AUTHOR=Yin Qiaoxiu , Yang Rui , Ren Yafeng , Yang Zhiying , Li Tao , Huang Honglin , Tang Qin , Li Dongxue , Jiang Shilong , Wu Xian , Wang Delu , Chen Zhuo 

TITLE=Transcriptomic, Biochemical, and Morphological Study Reveals the Mechanism of Inhibition of Pseudopestalotiopsis camelliae-sinensis by Phenazine-1-Carboxylic Acid

JOURNAL=Frontiers in Microbiology

VOLUME=Volume 12 - 2021

YEAR=2021

URL=https://www.frontiersin.org/journals/microbiology/articles/10.3389/fmicb.2021.618476

DOI=10.3389/fmicb.2021.618476

ISSN=1664-302X

ABSTRACT=Gray blight disease is one of the most destructive diseases of tea plants, and occurs widely in the tea-growing areas of the world. It is caused by several fungal phytopathogens, of which Pseudopestalotiopsis camelliae-sinensis is the main pathogen in China. The environmentally friendly antimicrobial, phenazine-1-carboxylic acid (PCA), a metabolite of the natural soil-borne bacteria Pseudomonas spp., can inhibit a range of fungal crop diseases. In this study, we determined that PCA was active against Ps. camelliae-sinensis in vitro.

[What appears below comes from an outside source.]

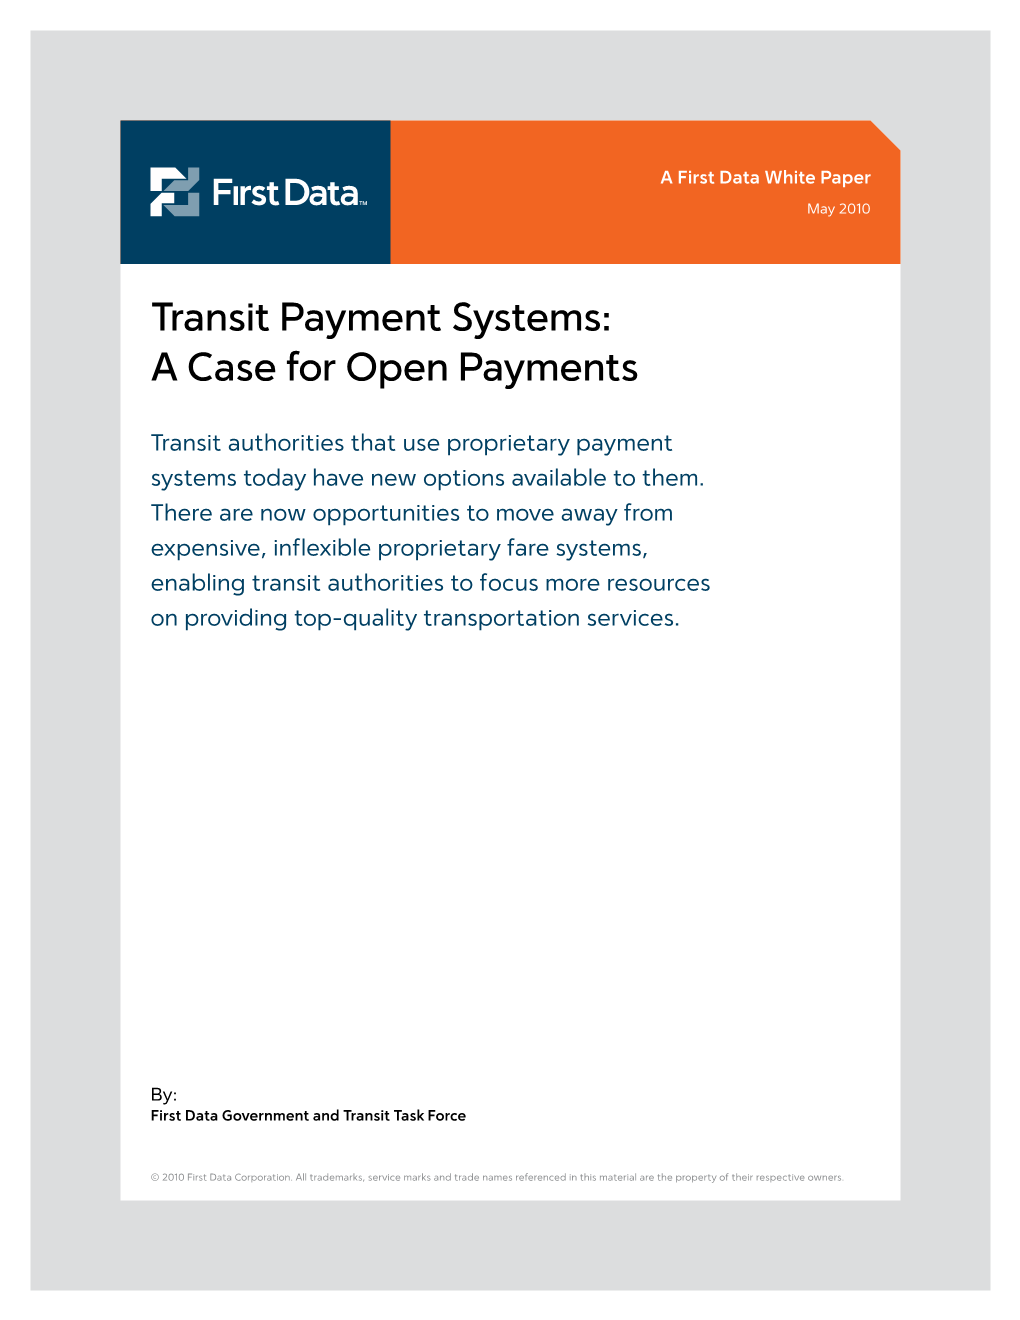 Transit Payment Systems: a Case for Open Payments
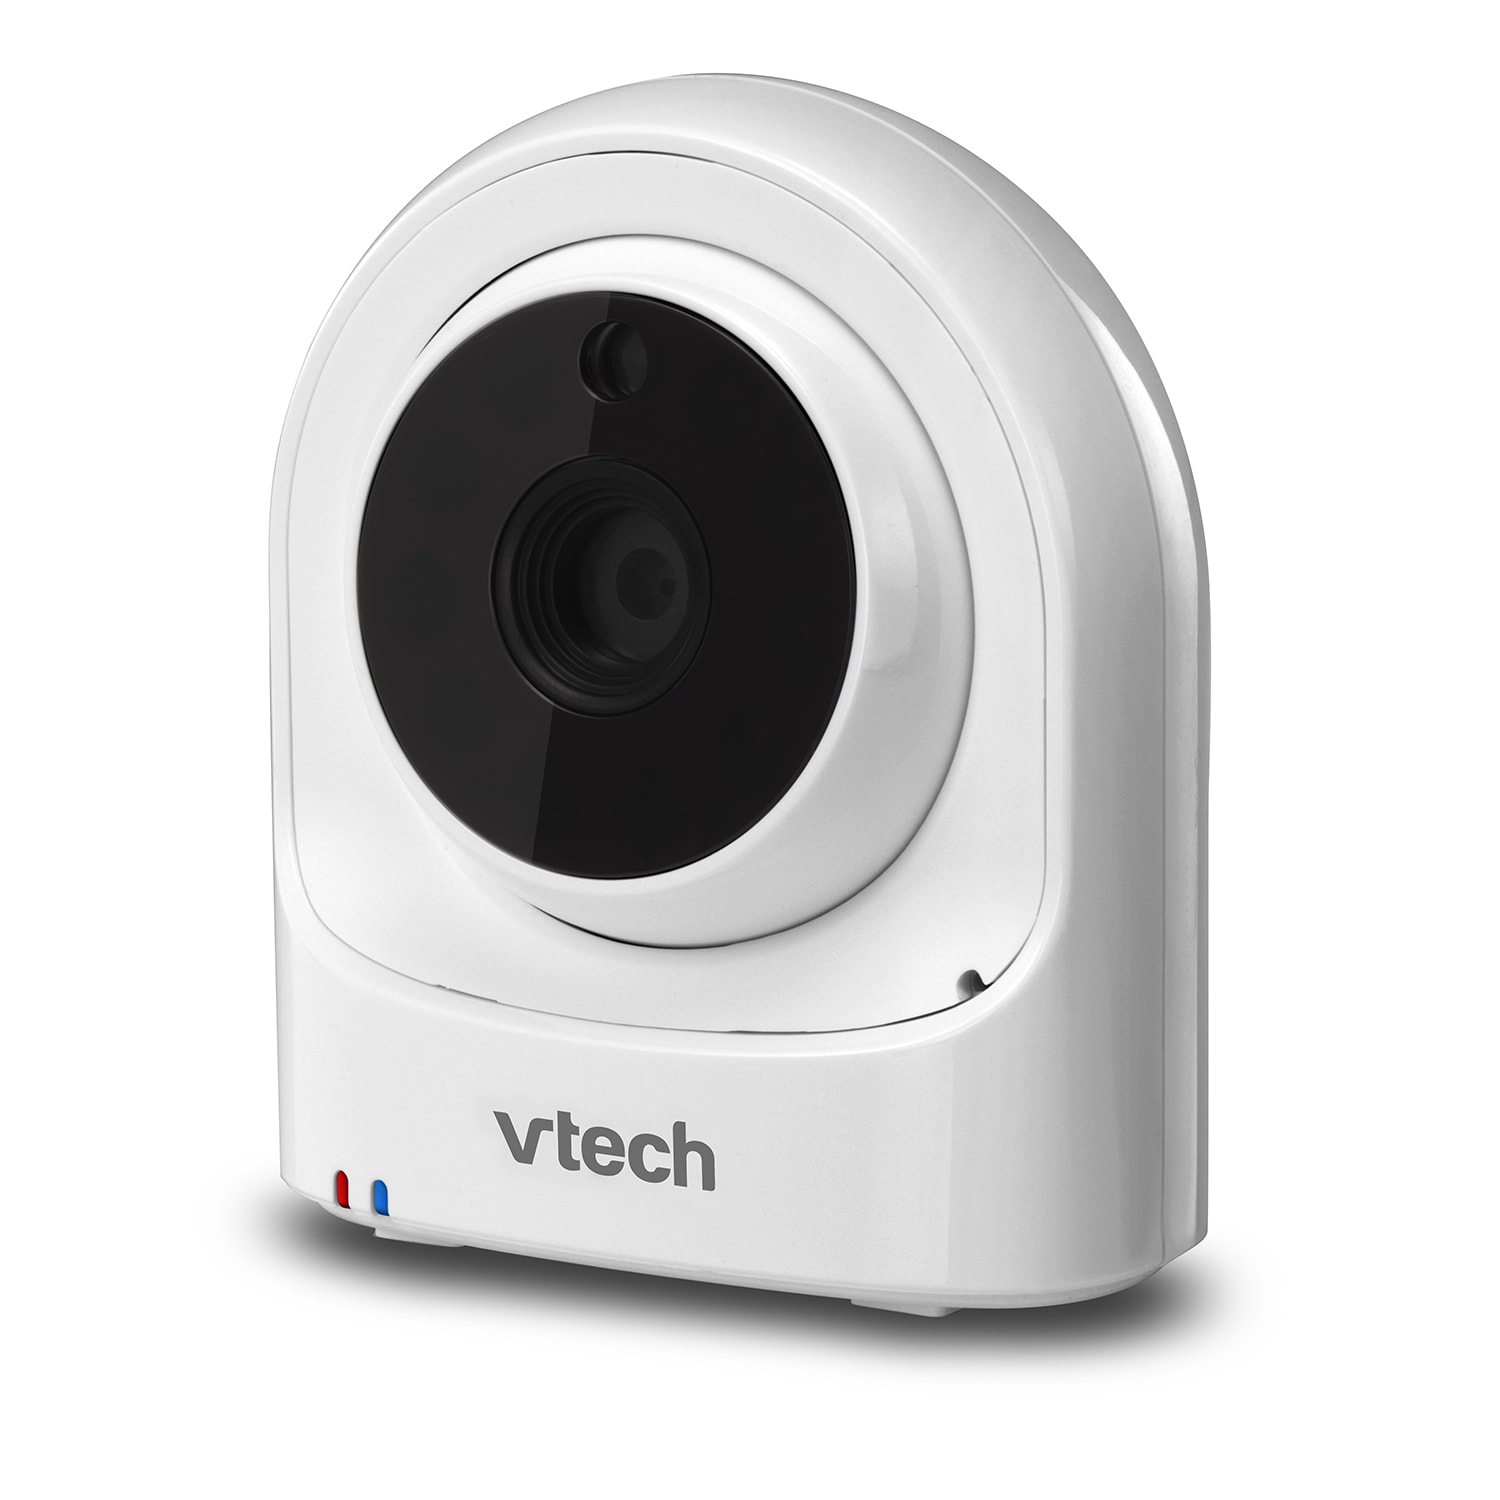 NEW VTech VM981 Wireless WiFi Baby Monitor w//Remote Access App 5in Touch Screen

We studied the mode of action, using a microscopic investigation of the effects of PCA on hyphal morphology, as well as identification of the fungal genes whose expression were affected by PCA, using transcriptomics. The results of scanning and transmission electron microscopy indicated that PCA caused developmental deformity of mycelia, organelle damage, and it significantly decreased the accumulation of exopolysaccharides on the hyphal surface. The transcriptome revealed that 1,705 and 1,683 differentially expressed genes of Ps. camelliae-sinensis treated with PCA were up-regulated or down-regulated, respectively, with genes associated with ribosome biogenesis, oxidative phosphorylation and encoding various proteins of N-glycan biosynthesis being significantly up-regulated. Up-regulation of nine genes related to N-glycan biosynthesis of Ps. camelliae-sinensis in response to PCA treatment was confirmed by quantitative real-time PCR. Our results indicated that exposure to PCA resulted in expression changes in oxidoreductase genes, accumulation of reactive oxygen species, and decreased activity of catalase but not superoxide dismutase, with concomitant damage to the fungal cell membrane and cell wall.